“Why didn’t you choose a warmer spot?” Alec was shivering.
Sarah jumped up. “Let’s go inside and make a fire—the chimney’s all right.”
They gathered dried wood and underbrush, Alec produced matches, and they soon had a bright fire roaring and leaping in the fireplace, that took up nearly all of one side of the little cabin.
Sitting on the floor before it in a semi-circle, they told stories in turn, beginning with Sarah.
Suddenly Alec, who had been strangely silent for some moments, keeled quietly over in a little heap.
In a moment Sarah, kneeling beside him, had lowered him gently, until his head rested on the cabin floor. “It’s only a faint,” she said, her hand on his wrist; “he’s overtired, and his heart isn’t very strong.

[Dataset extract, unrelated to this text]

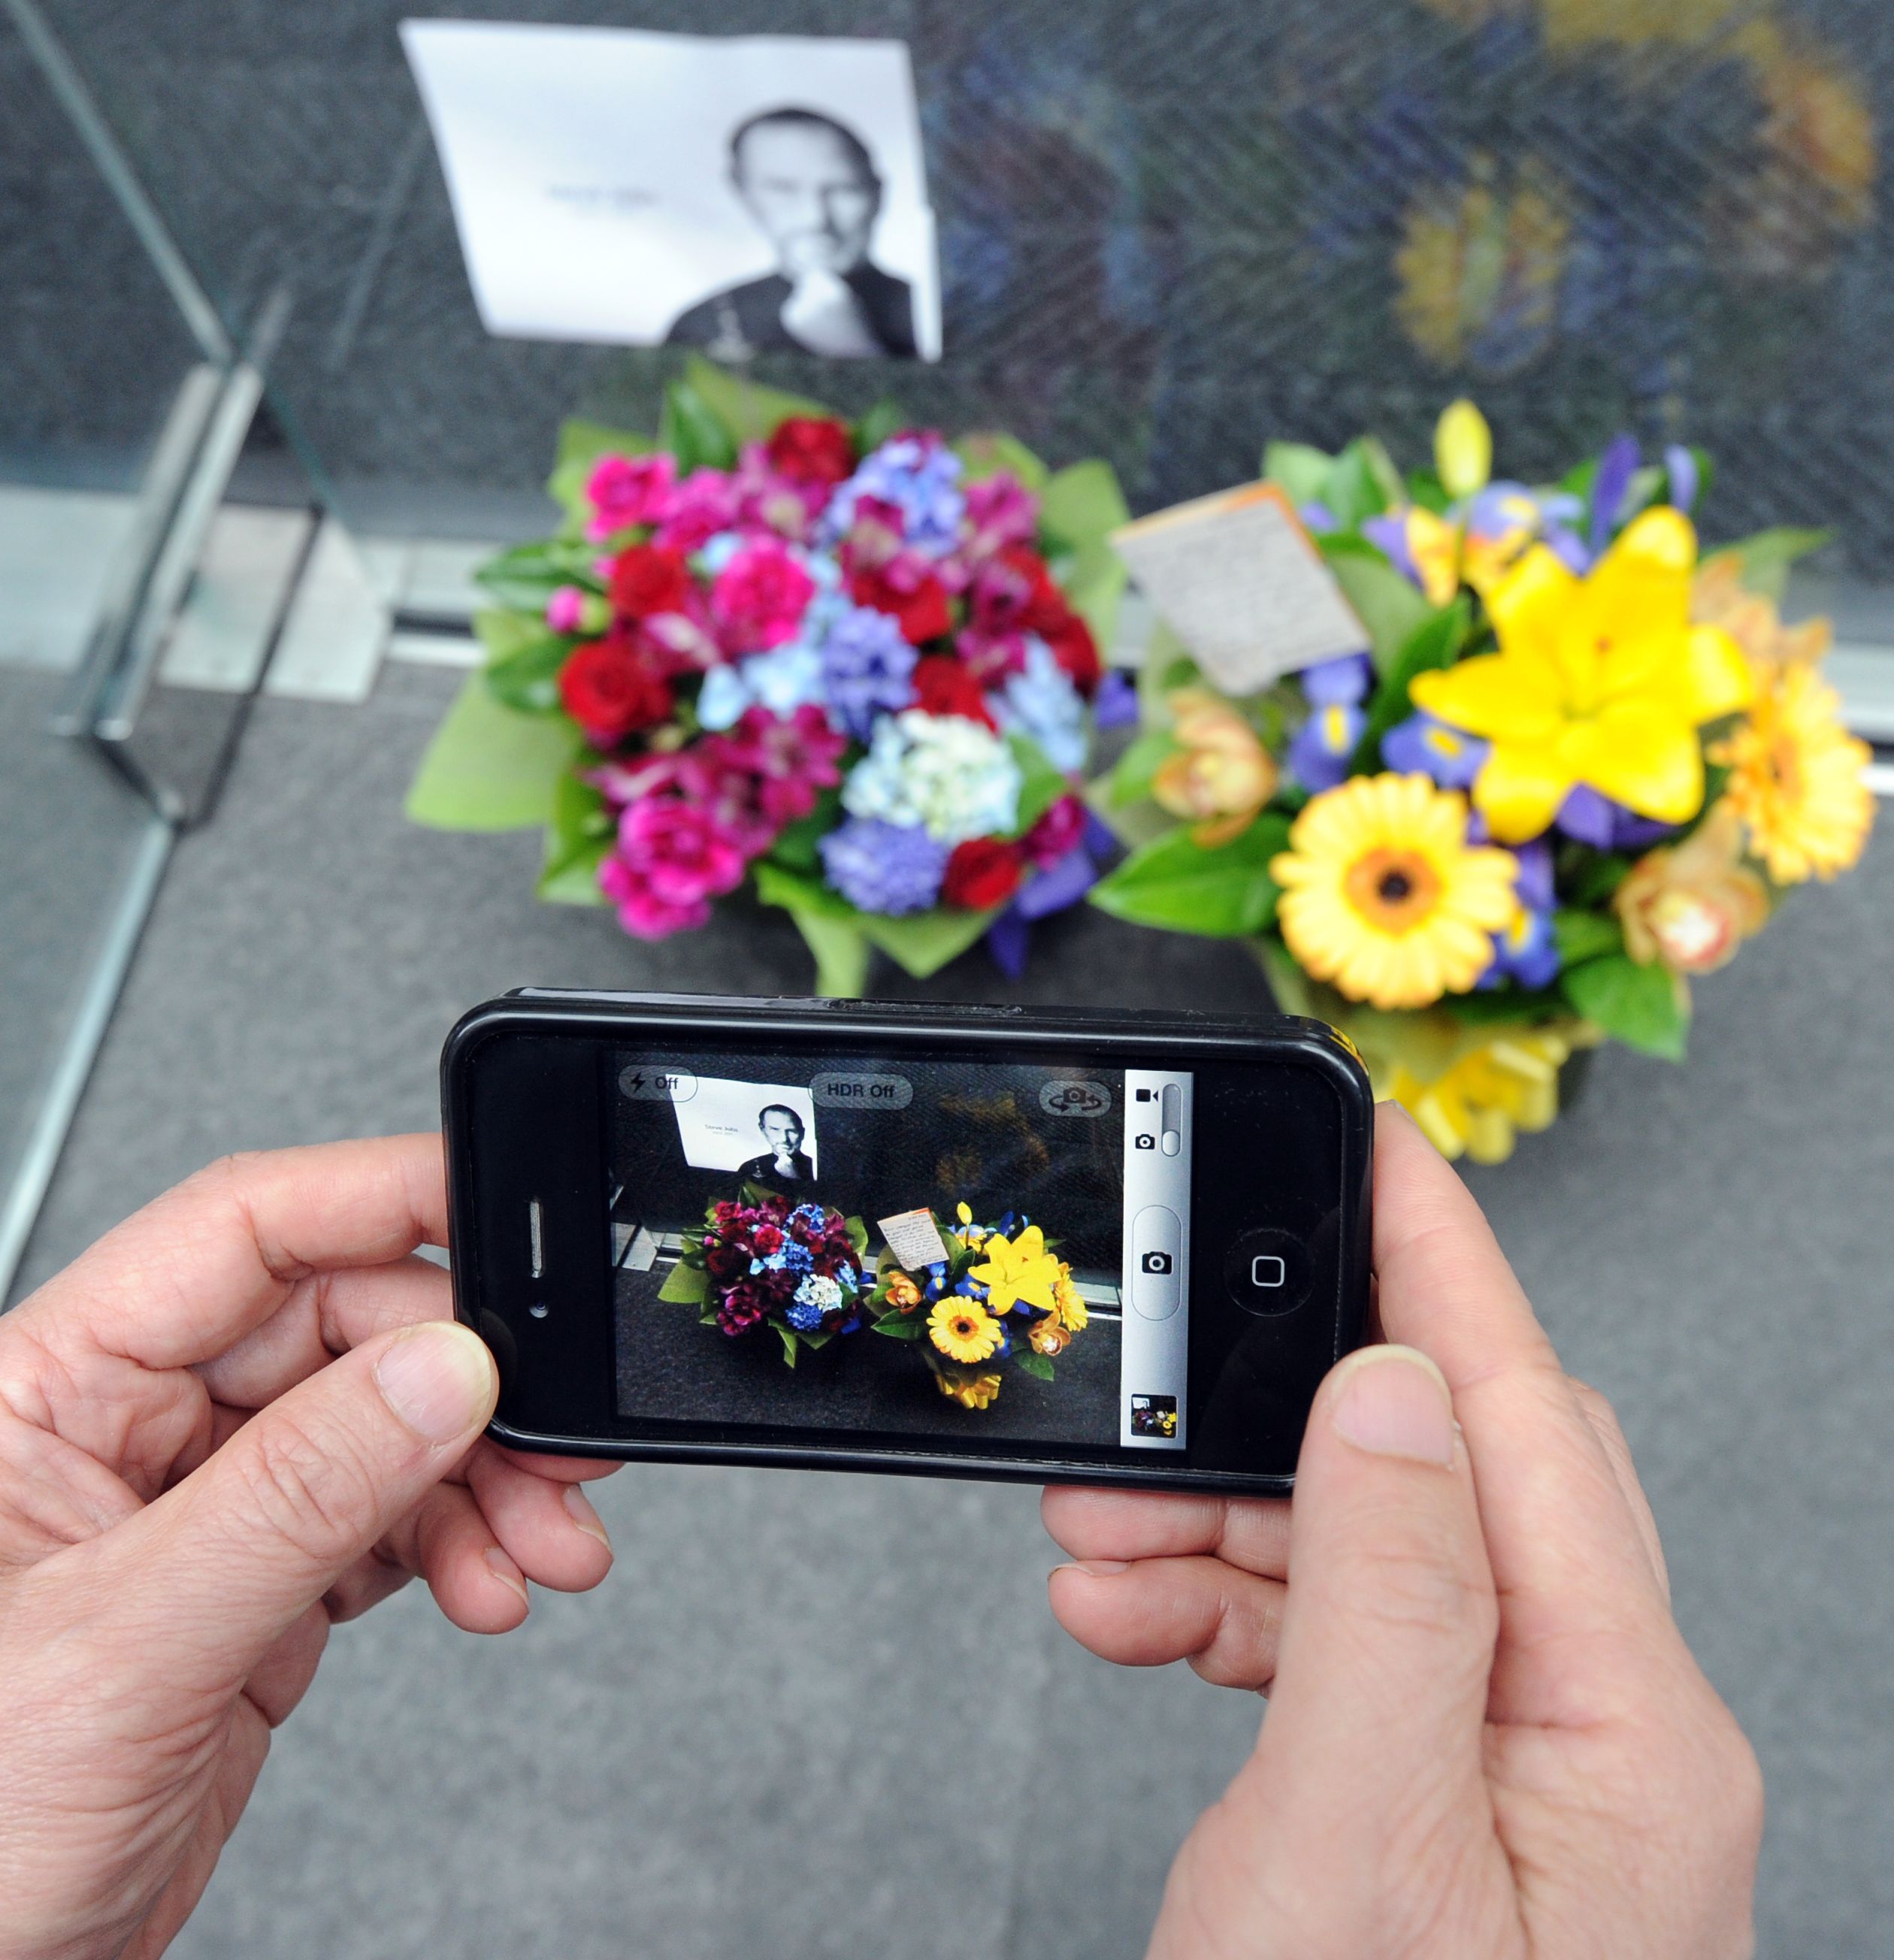 A passerby uses an iPhone 4 to photograph flowers left for the late Steve Jobs, co-founder of Apple, outside the Apple store in Sydney on October 6, 2011.

But I think he ought to have a doctor. Where could we catch your father, Kitty?”
“He was going out on the mill road—he’s due at Nesbit’s farm about five.”
“It’s nearly five now,” Debby said, looking at her watch.
“I’ll go right over there,” Kitty offered; “I’ll be as quick as possible, but it’s a rough road.”
“If only one of you could ride over—on Victor?” Sarah said anxiously. “Oh, Blue Bonnet, you must ride—all Western girls do, don’t they? Ride all sorts of horses?”